Part of the sequence profile for target T0604.

...	...	...	...	...	...	...	...	...	...	...	...	...	...	...	...	...	...	...	...	...
510	0.0	0.0	0.0	0.0	0.0	1.0	0.0	0.0	0.0	0.0	0.0	0.0	0.0	0.0	0.0	0.0	0.0	0.0	0.0	0.0
511	0.0	0.0	0.0	0.0	0.59	0.0	0.0	0.0	0.0	0.41	0.0	0.0	0.0	0.0	0.0	0.0	0.0	0.0	0.0	0.0
512	0.0	0.0	0.0	0.0	0.23	0.0	0.0	0.0	0.0	0.0	0.0	0.0	0.0	0.0	0.0	0.0	0.0	0.0	0.0	0.77
513	0.0	0.0	0.0	0.0	0.0	0.0	0.0	0.0	0.0	0.0	0.0	0.0	1.0	0.0	0.0	0.0	0.0	0.0	0.0	0.0
514	0.96	0.0	0.0	0.0	0.0	0.01	0.0	0.0	0.0	0.0	0.0	0.0	0.0	0.0	0.0	0.03	0.0	0.0	0.0	0.0
515	0.0	0.0	0.0	0.0	0.0	1.0	0.0	0.0	0.0	0.0	0.0	0.0	0.0	0.0	0.0	0.0	0.0	0.0	0.0	0.0
516	0.0	0.0	0.0	1.0	0.0	0.0	0.0	0.0	0.0	0.0	0.0	0.0	0.0	0.0	0.0	0.0	0.0	0.0	0.0	0.0
517	0.0	0.0	0.0	0.0	0.0	1.0	0.0	0.0	0.0	0.0	0.0	0.0	0.0	0.0	0.0	0.0	0.0	0.0	0.0	0.0
518	1.0	0.0	0.0	0.0	0.0	0.0	0.0	0.0	0.0	0.0	0.0	0.0	0.0	0.0	0.0	0.0	0.0	0.0	0.0	0.0
519	0.0	0.0	0.0	0.0	0.0	1.0	0.0	0.0	0.0	0.0	0.0	0.0	0.0	0.0	0.0	0.0	0.0	0.0	0.0	0.0
520	0.0	0.0	0.0	0.0	0.0	0.0	0.0	0.0	0.0	0.0	0.0	0.0	0.0	0.0	0.0	0.0	0.0	0.0	0.0	1.0
...	...	...	...	...	...	...	...	...	...	...	...	...	...	...	...	...	...	...	...	...

Open in a new tab

The first column is residue number in the target sequence, while columns 2 to 21 are acid/amide forms in proportion to their blasted database frequencies.

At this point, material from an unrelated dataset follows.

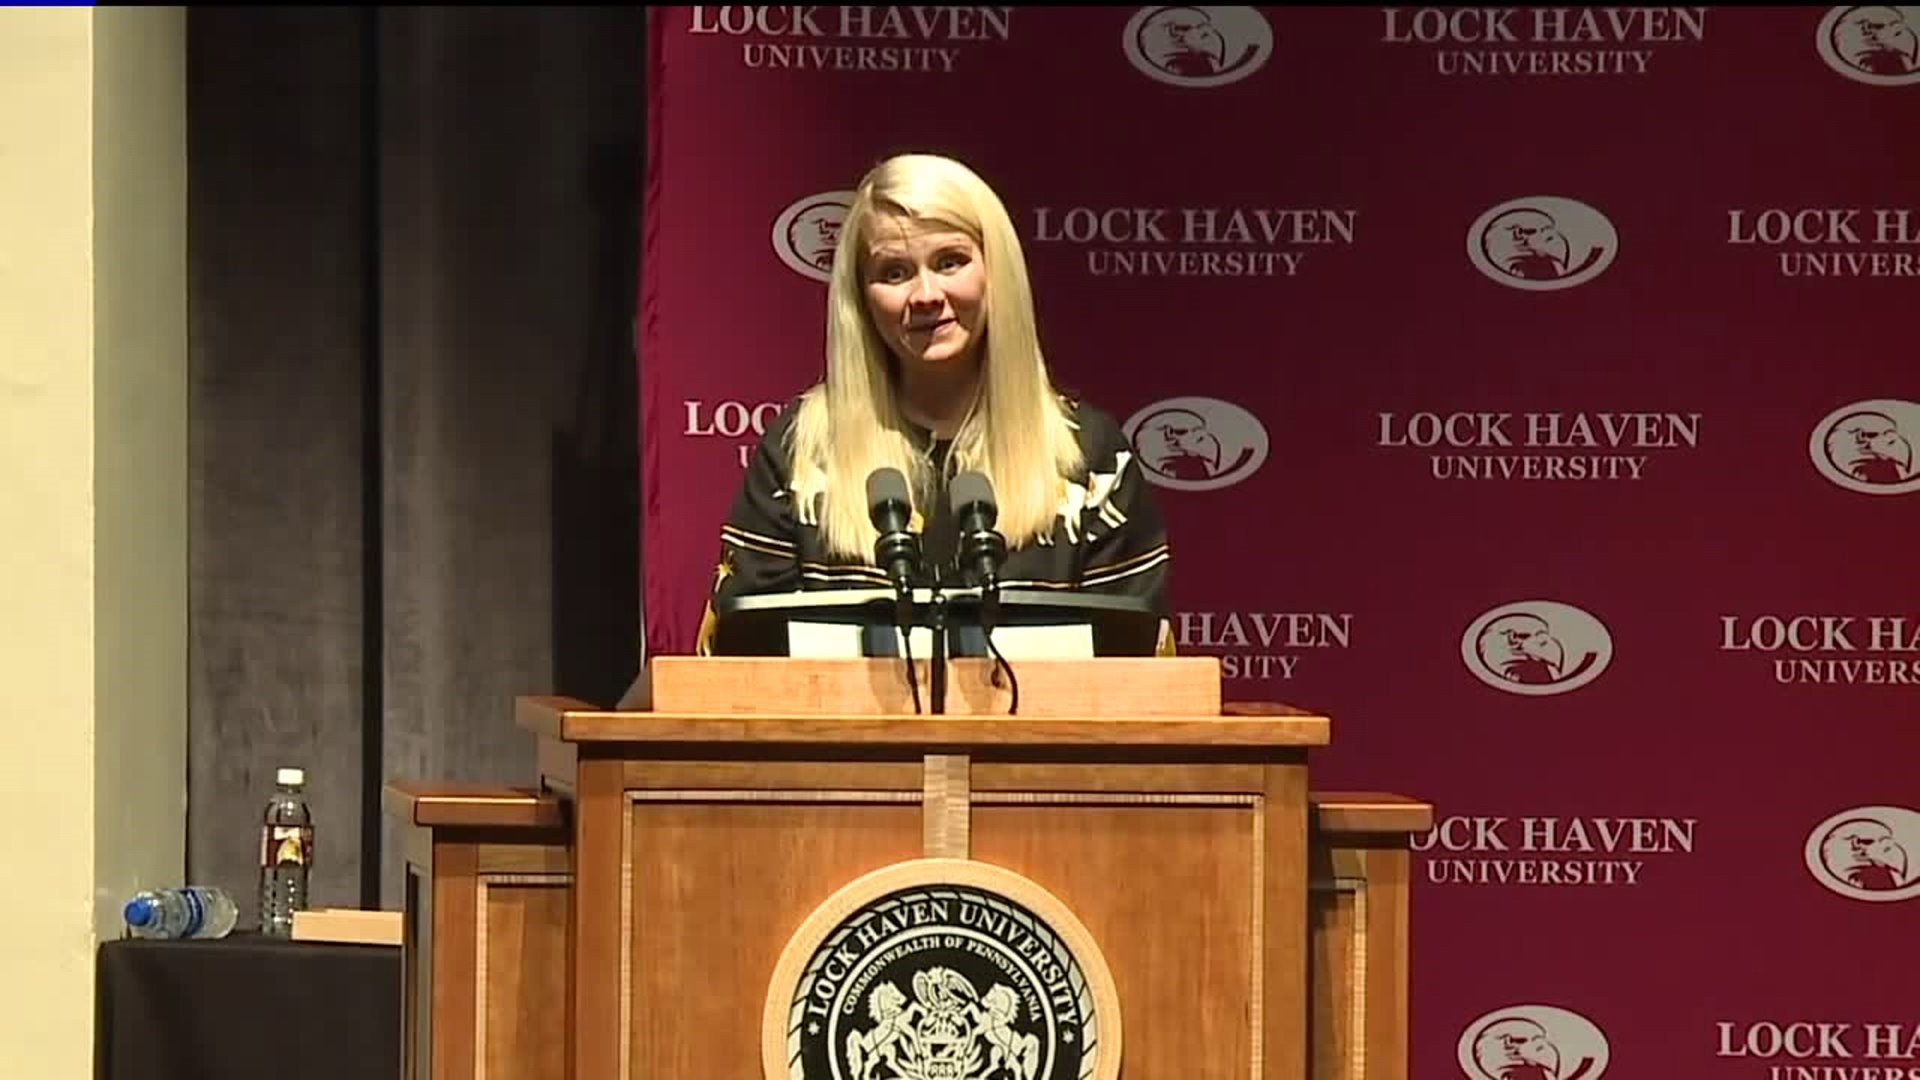 Elizabeth Smart Speaks at Lock Haven University the Day One of her Captors is Released From Prison

There is no evidence to show that binding sites to metal ions are easier to be identified than that to nonmetal ligands for those structure-based methods [12,20], although non-metal ligands are larger and more residues will bind non-metal ligands than metal ligands. However, in this work our sequence-based method yields good prediction on targets bound to metal ions, and achieves an MCC of 0.55 for the CASP9 data set and 0.53 for the CASP8 data set; while predictions on targets bound to non-metal ligands are much worse. It might be that residues bound to metal ligands are more conserved in evolutionary context than that bound to non-metal ligands, and thus the former can be identified more accurate.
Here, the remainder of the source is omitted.